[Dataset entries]
━━━━━━━━━━

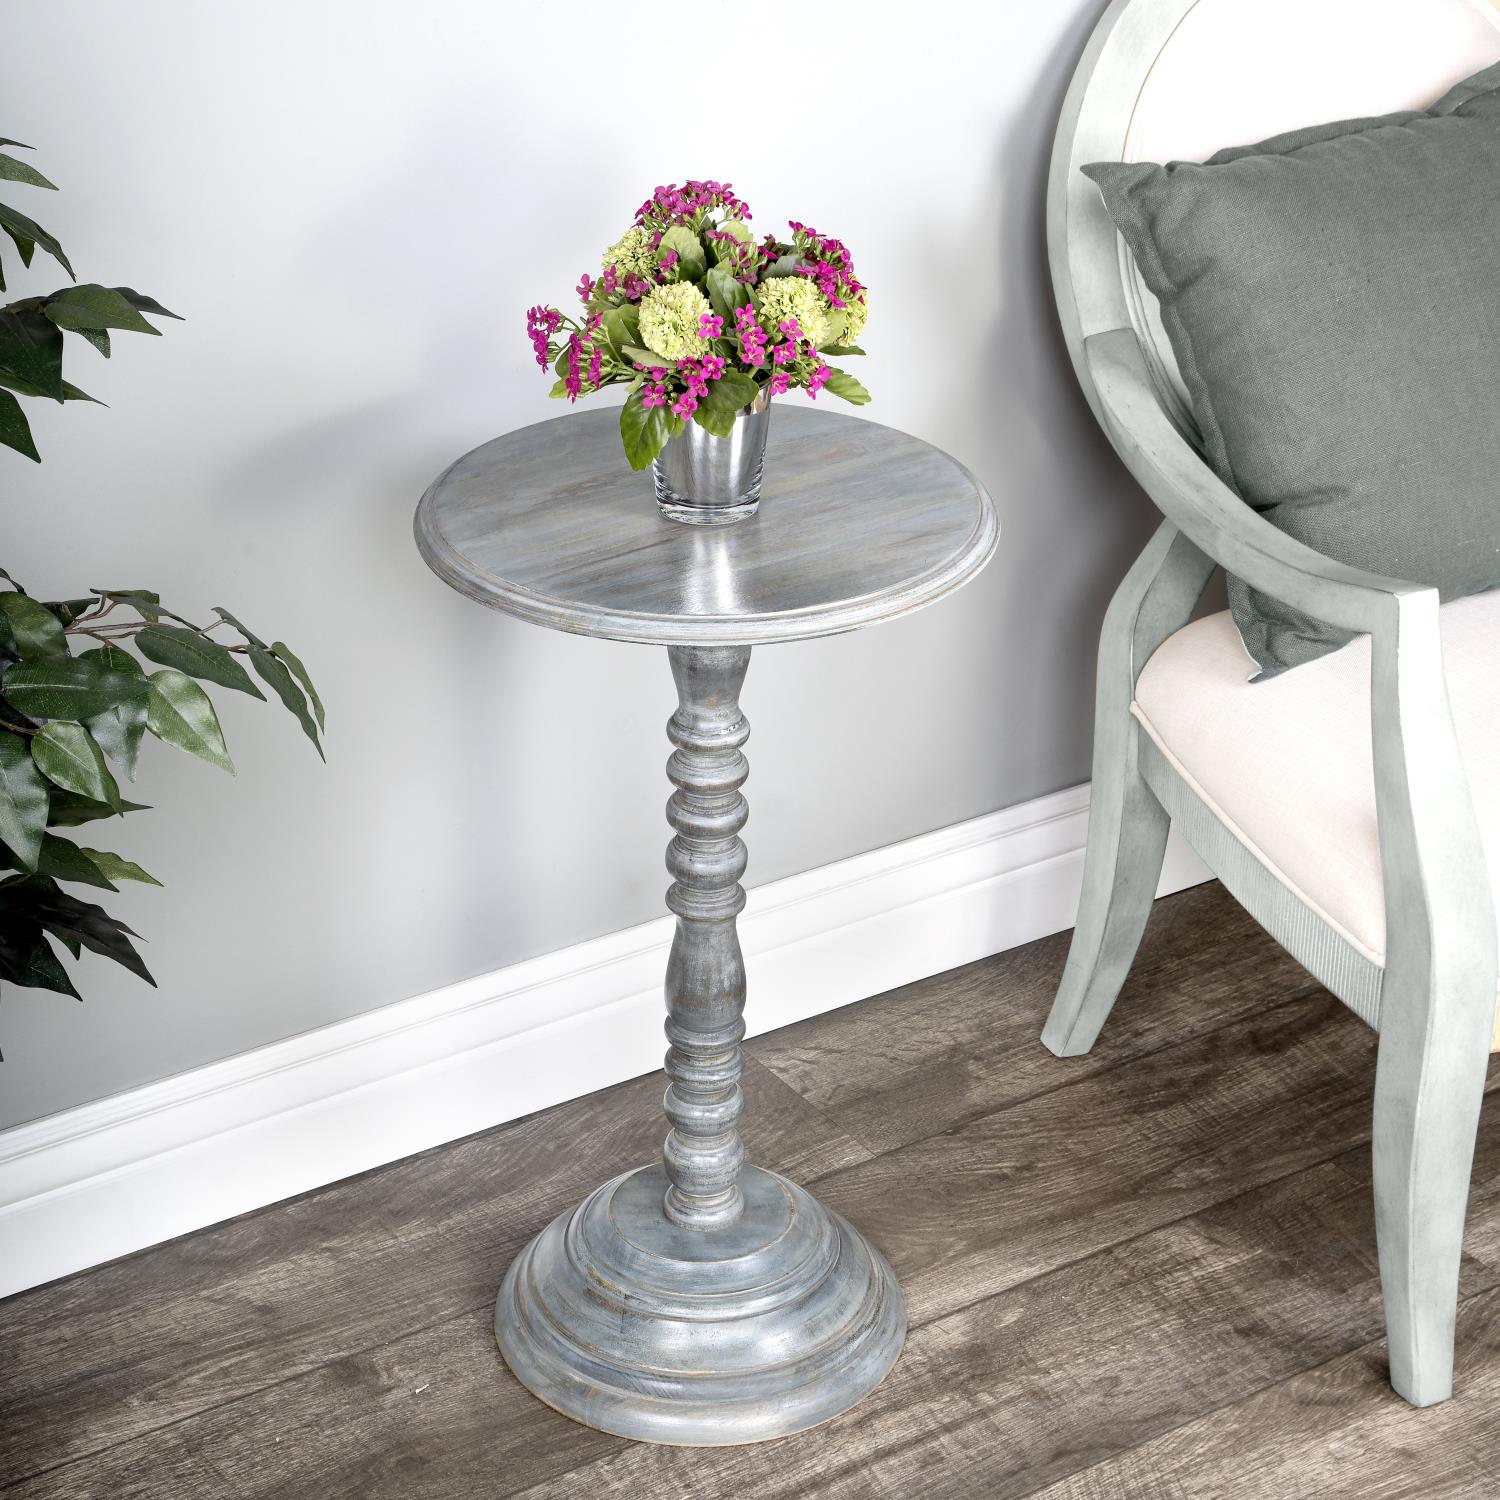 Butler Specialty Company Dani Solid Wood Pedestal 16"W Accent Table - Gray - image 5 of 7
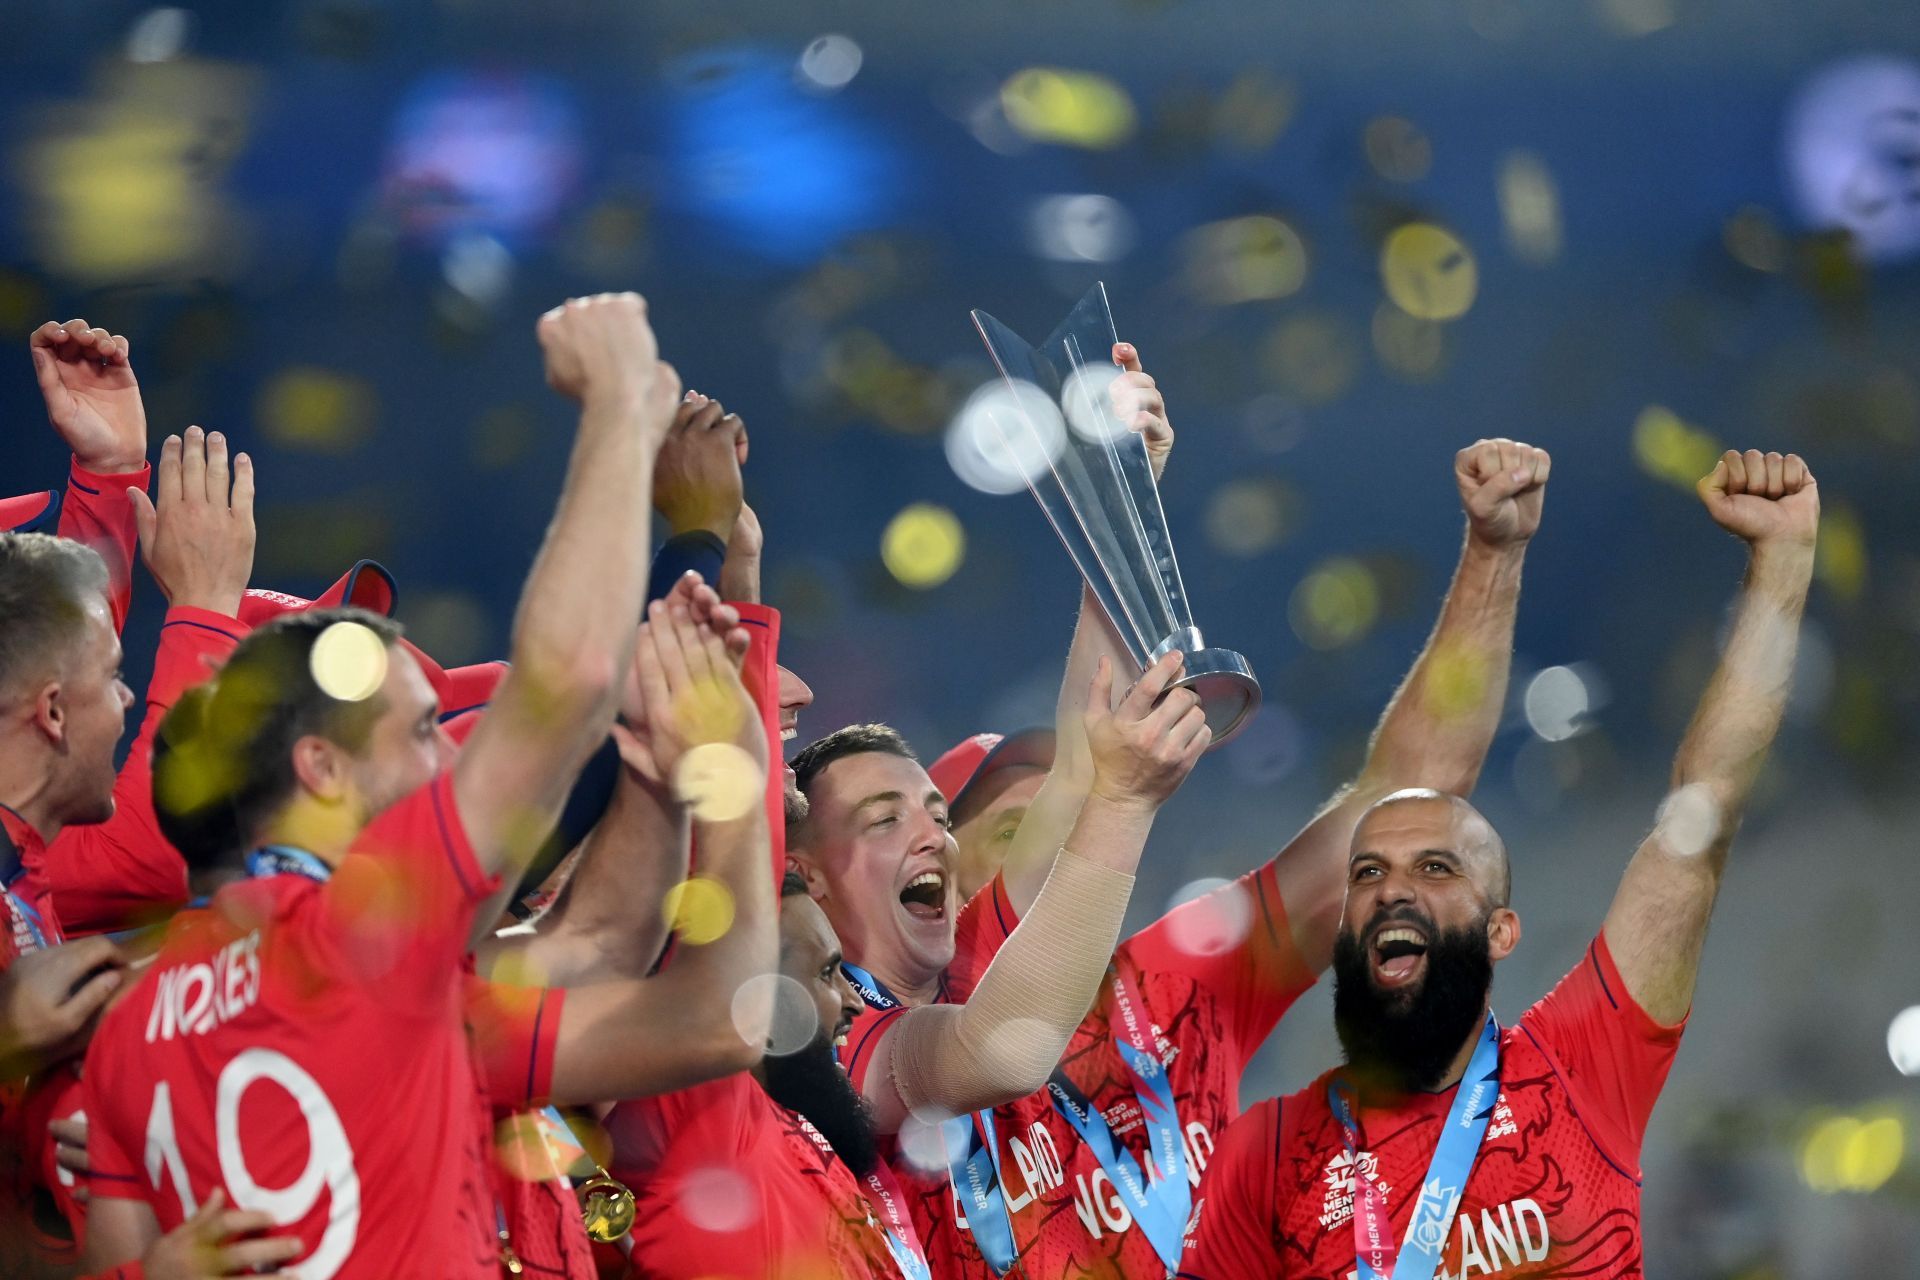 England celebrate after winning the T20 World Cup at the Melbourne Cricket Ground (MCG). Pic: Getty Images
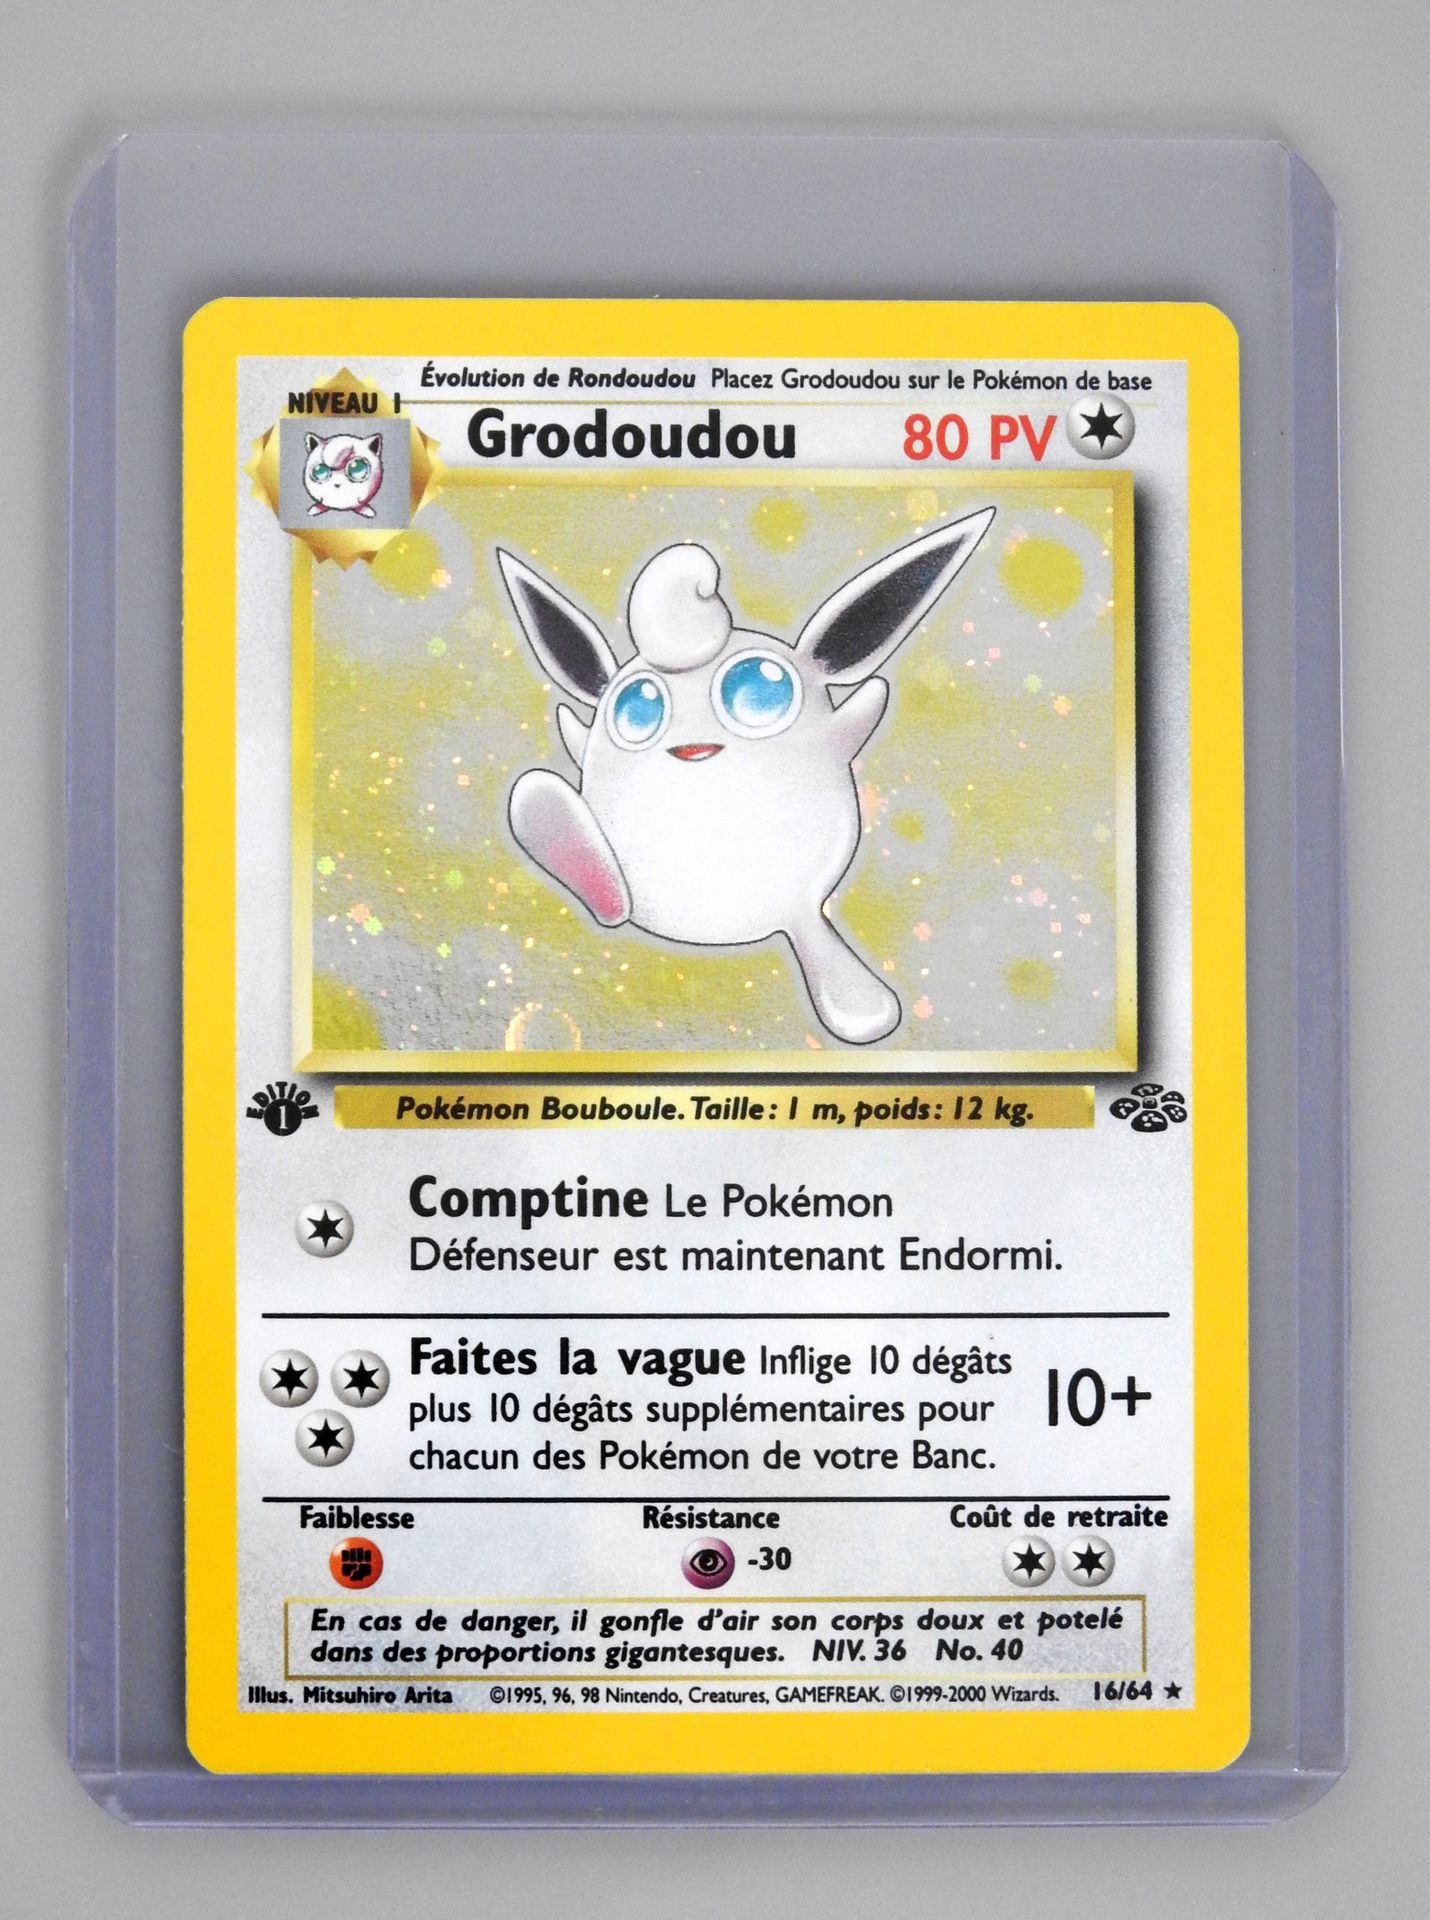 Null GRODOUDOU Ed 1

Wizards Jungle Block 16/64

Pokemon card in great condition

━━━━━━━━━━

**EXERCISE INSTRUCTIONS**
Nothing but the lines from the line containing "Null GRODOUDOU Ed 1" through the end of the records belongs in the answer, written out exactly, both ends included, without pictures.

**RESULT FOR THIS TASK**
 Null GRODOUDOU Ed 1

Wizards Jungle Block 16/64

Pokemon card in great condition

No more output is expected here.